FDA Approves Capivasertib Plus Fulvestrant in Advanced HR+, HER2– Breast Cancer

Patients with locally advanced or metastatic breast cancer that is hormone receptor–positive, HER2-negative breast cancer with 1 or more PIK3CA, AKT1, or PTEN alterations may now receive capivasertib plus fulvestrant.

The FDA has approved capivasertib plus fulvestrant (Faslodex) for patients with locally advanced or metastatic breast cancer that is hormone receptor (HR)–positive, HER2-negative with 1 or more PIK3CA, AKT1, or PTEN alterations, and has progressed on or after 1 endocrine-based regimen in the metastatic setting, or recurrence on or within 12 months of completing adjuvant treatment.¹

The approval is based on results from the phase 3 CAPItello-291 trial (NCT04305496), in which the efficacy of the combination was evaluated.² Initial results were reported at the 2022 San Antonio Breast Cancer Symposium.

The FDA simultaneously approved the FoundationOne®CDx assay as a companion diagnostic device, which will be used to identify patients with breast cancer who can receive capivasertib plus fulvestrant.

“We do need novel drugs in the second-line setting and beyond, for hormone receptor–positive metastatic breast cancer. The CAPItello-291 phase 3 trial showed that we could potentially have the first agent targeting AKT that is potentially approved and may help to treat certain patients with HR-positive, HER2-negative metastatic breast cancer with activity that is very intriguing, that promises also to have an impact on the quality of life of these patients,” said Paolo Tarantino, MD, a medical oncologist from Dana-Farber Cancer Institute, in an interview with CancerNetwork.

A total of 708 patients were enrolled and were randomly assigned to either the capivasertib plus fulvestrant group (n = 355) or the placebo plus fulvestrant group (n = 353). Most notable was those 289 patients who harbored PIK3CA/AKT1/PTEN alterations.

The median age was 58 years, and 77.3% were postmenopausal. The entire study population had HER2–negative disease, with 69.1% of patients previously receiving a CDK4/6 inhibitor, and 18.2% receiving chemotherapy for advanced cancer.

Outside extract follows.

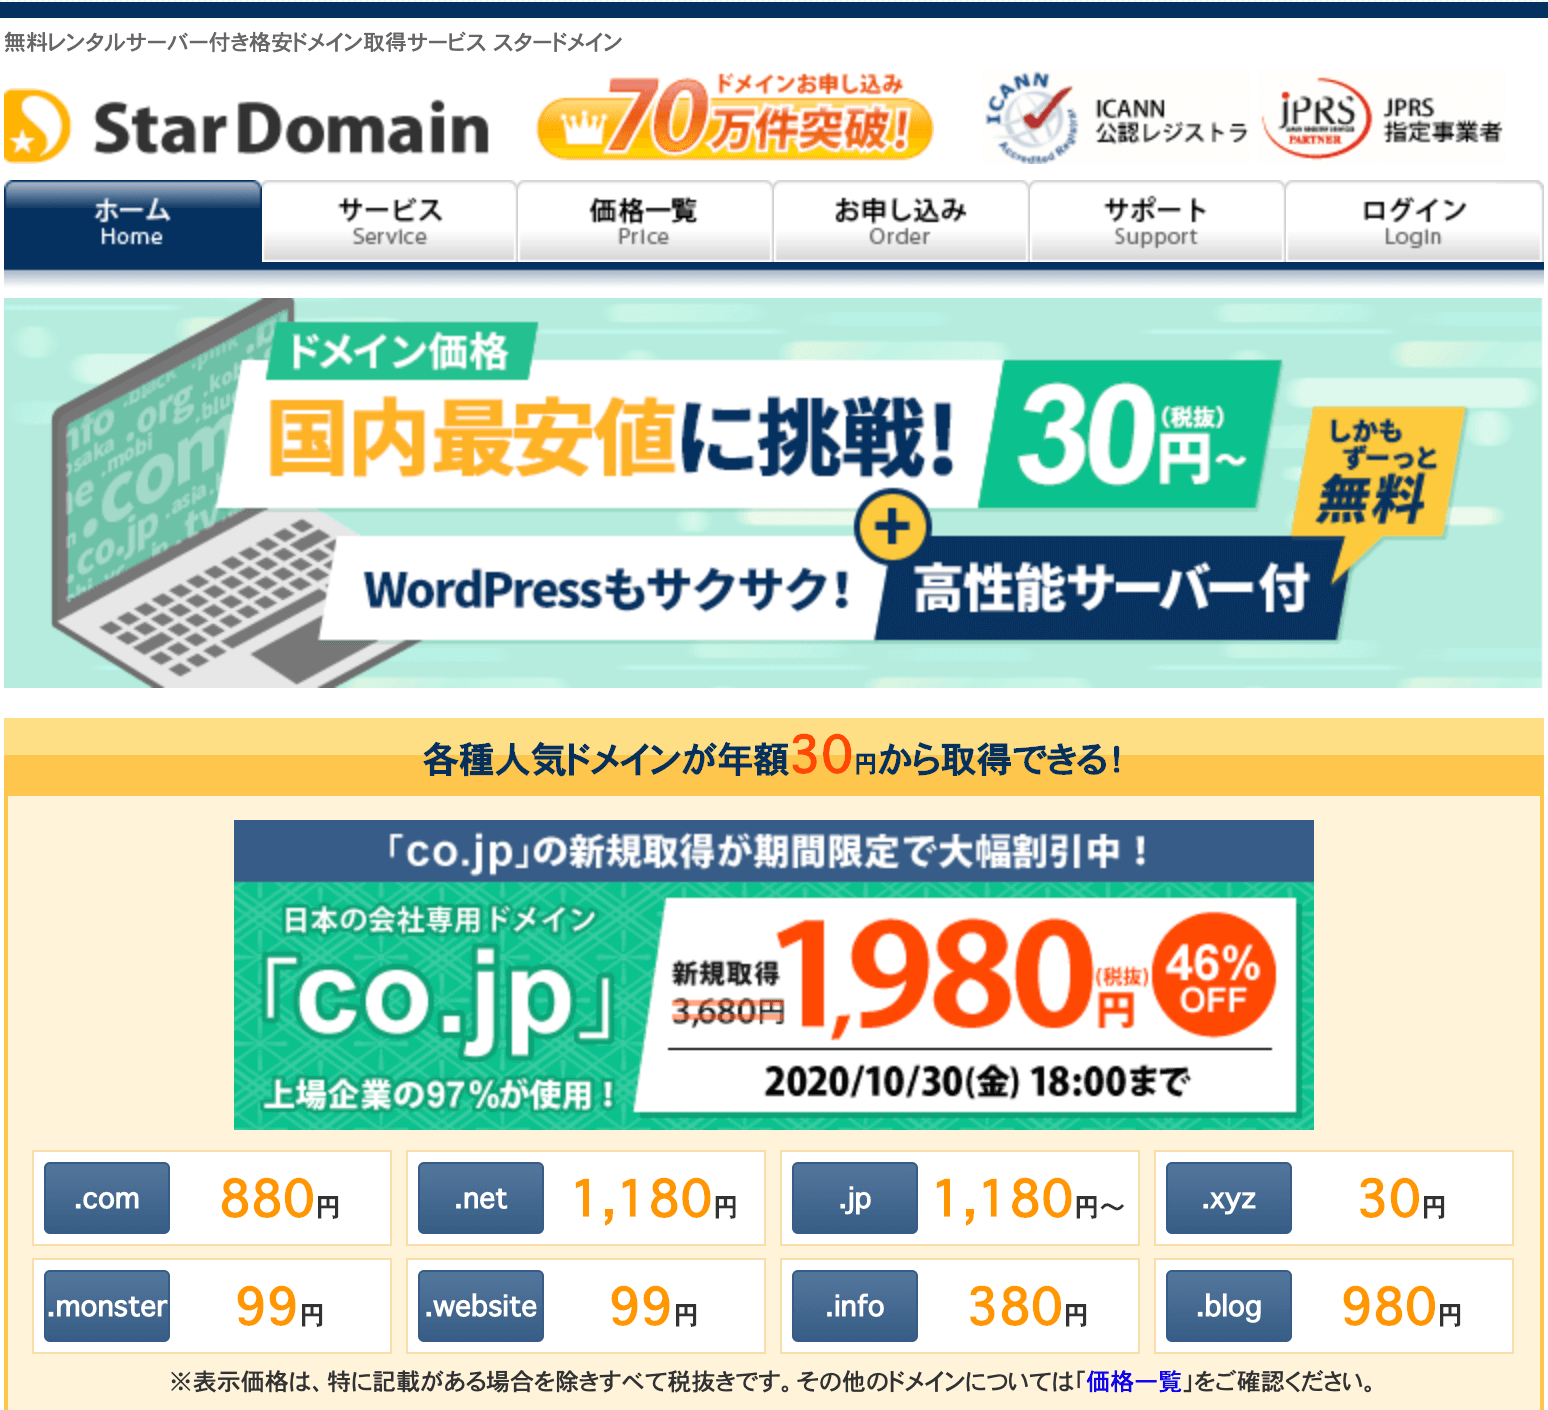 Star Domain（スタードメイン）

At the data cutoff, 17.7% of patients were still receiving the combination treatment, and 12.3% received the placebo. For patients on capivasertib, the median duration of treatment was 5.4 months, vs 3.6 months in the placebo group. For those receiving fulvestrant in the combination group, the median duration of treatment was 5.8 months vs 3.7 months in the placebo group.

A total of 82.3% of patients discontinued capivasertib vs 87.7% who discontinued fulvestrant. The main reasons for discontinuation were disease progression (58.9% vs 78.0%) between both treatment groups, respectively.

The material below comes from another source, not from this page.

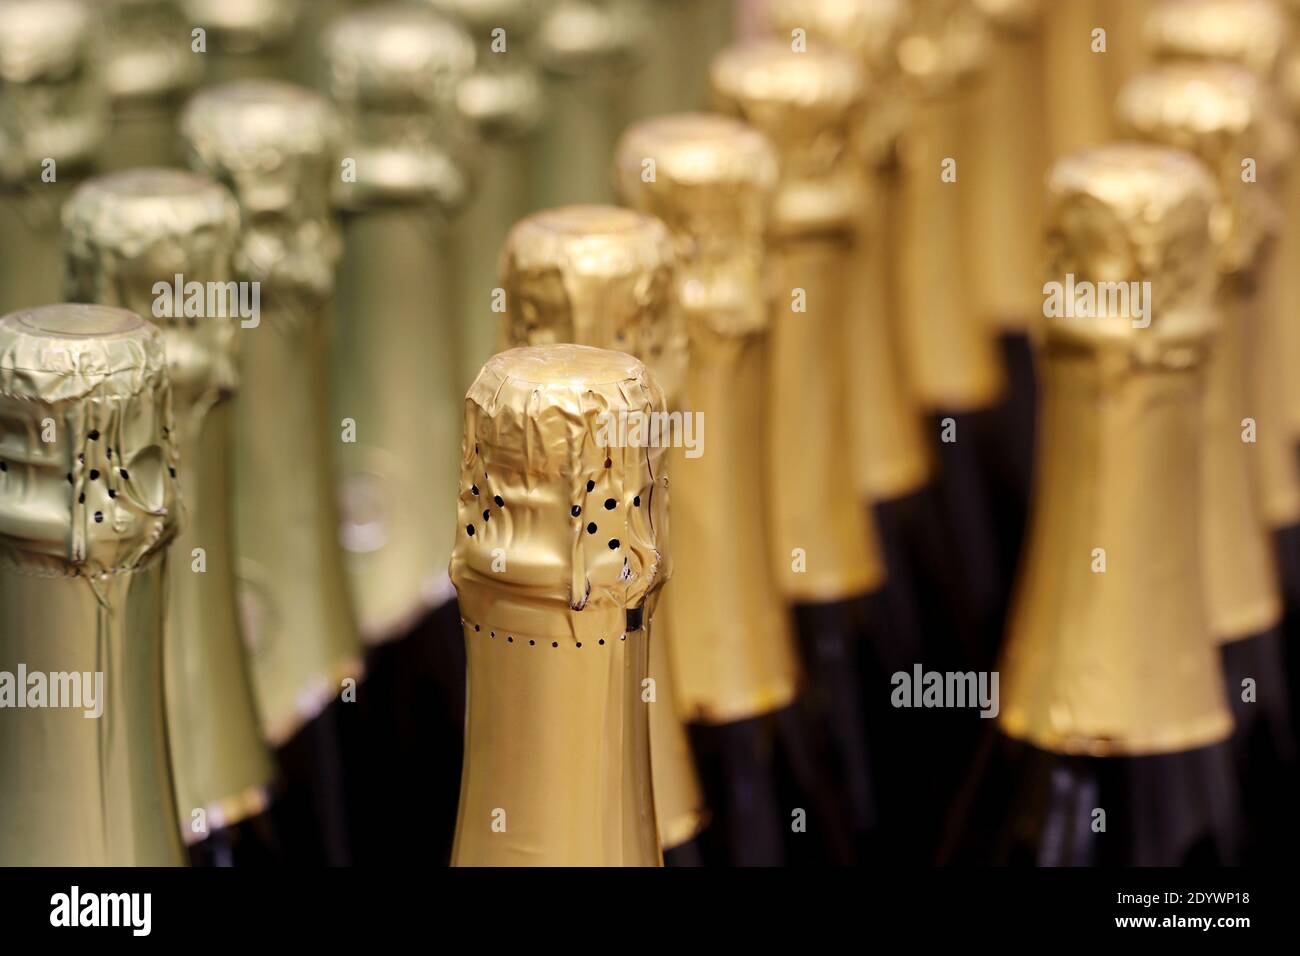 Bouteilles de vin mousseux en papier d'aluminium doré pour la fête. Champagne dans un magasin de vin, industrie de l'alcool Banque D'Images

The median progression-free survival (PFS) in the combination group was 7.2 months vs 3.6 months in the placebo group (HR, 0.60; 95% CI, 0.51-0.71; P <.001). For patients who had an AKT pathway alteration, the median PFS in the combination group was 7.3 months (95% CI, 5.5-9.0) vs 3.1 months (95% CI, 2.0-3.7) in the placebo group (HR, 0.50; 95% CI, 0.38-0.65; P <.0001).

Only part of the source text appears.